Приготовив ложку, кусок хлеба, Савелий устало откинулся на кровати, желая отдохнуть до команды завхоза: «Построились на ужин!», — и незаметно уснул… Проснулся он от топота возвращавшихся из столовой осужденных. Матерно выругавшись, сел в кровати. Увидев Бориса, недовольно пробурчал:
— Что ж ты, Кривой, толкнуть не мог?
— А я знал, что ты хочешь идти на эту помойку? Смотрю — спишь, ну и не стал будить… Хотя ты совсем ничего не потерял, что не пошел, все равно не стал бы жрать это пойло из тухлой селедки… Вот, захватил! — Борис вытащил из кармана несколько сморщенных помидорин грязновато-зеленого цвета.
— У сцены бочку выкатили… Давятся, хватают, чуть не дерутся! — Он надкусил помидорину и скривился в противной гримасе. — Кислая, жуть!..
Глядя на него, Савелий тоже поморщился, но все-таки решил попробовать: двумя пальцами осторожно взял помидорину, понюхал и… едва не задохнулся от зловония. Швырнул в сторону и, с трудом сдерживая кашель, вытирая обильные слезы, выдавил:
— Подлюги!

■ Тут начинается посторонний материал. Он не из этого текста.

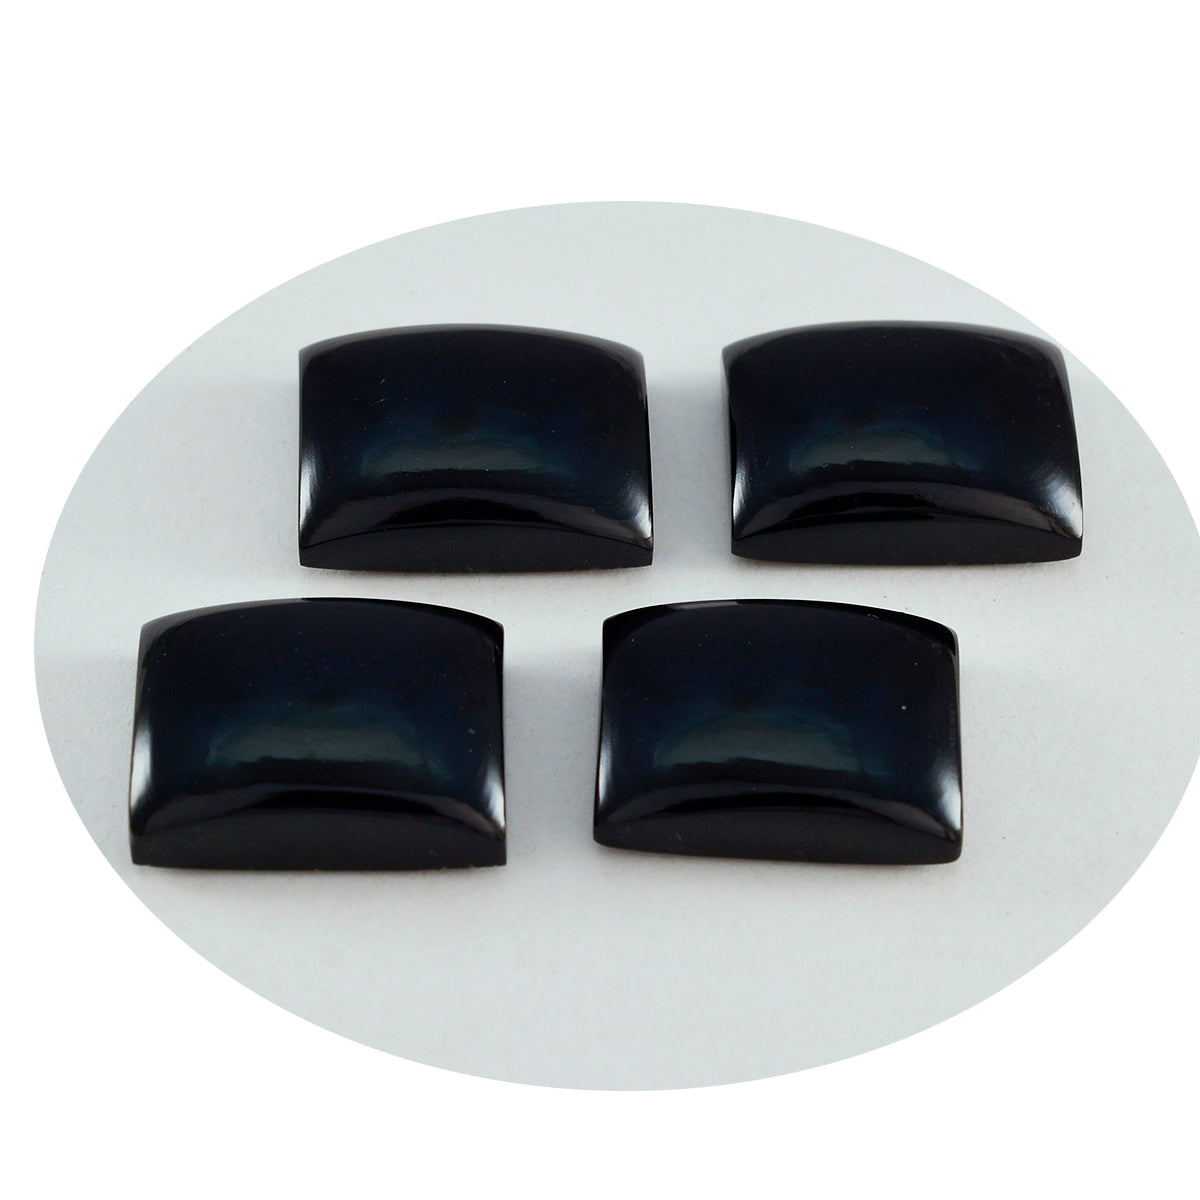 Riyogems 1 Stück schwarzer Onyx-Cabochon, 12 x 16 mm, achteckige Form, hochwertiger Edelstein

Администрацию бы накормить этим дерьмом!..
Подхватив с тумбочки хлеб, жадно занюхал им, отбивая тошнотворный запах, и стал медленно жевать его. Конечно, этот кусочек хлеба не смог насытить, и он решительно поднялся, накинул телогрейку, шапку и решил навестить Митяя: может, действительно чем угостит? При воспоминании о «жареной картошке» у него потекли слюни…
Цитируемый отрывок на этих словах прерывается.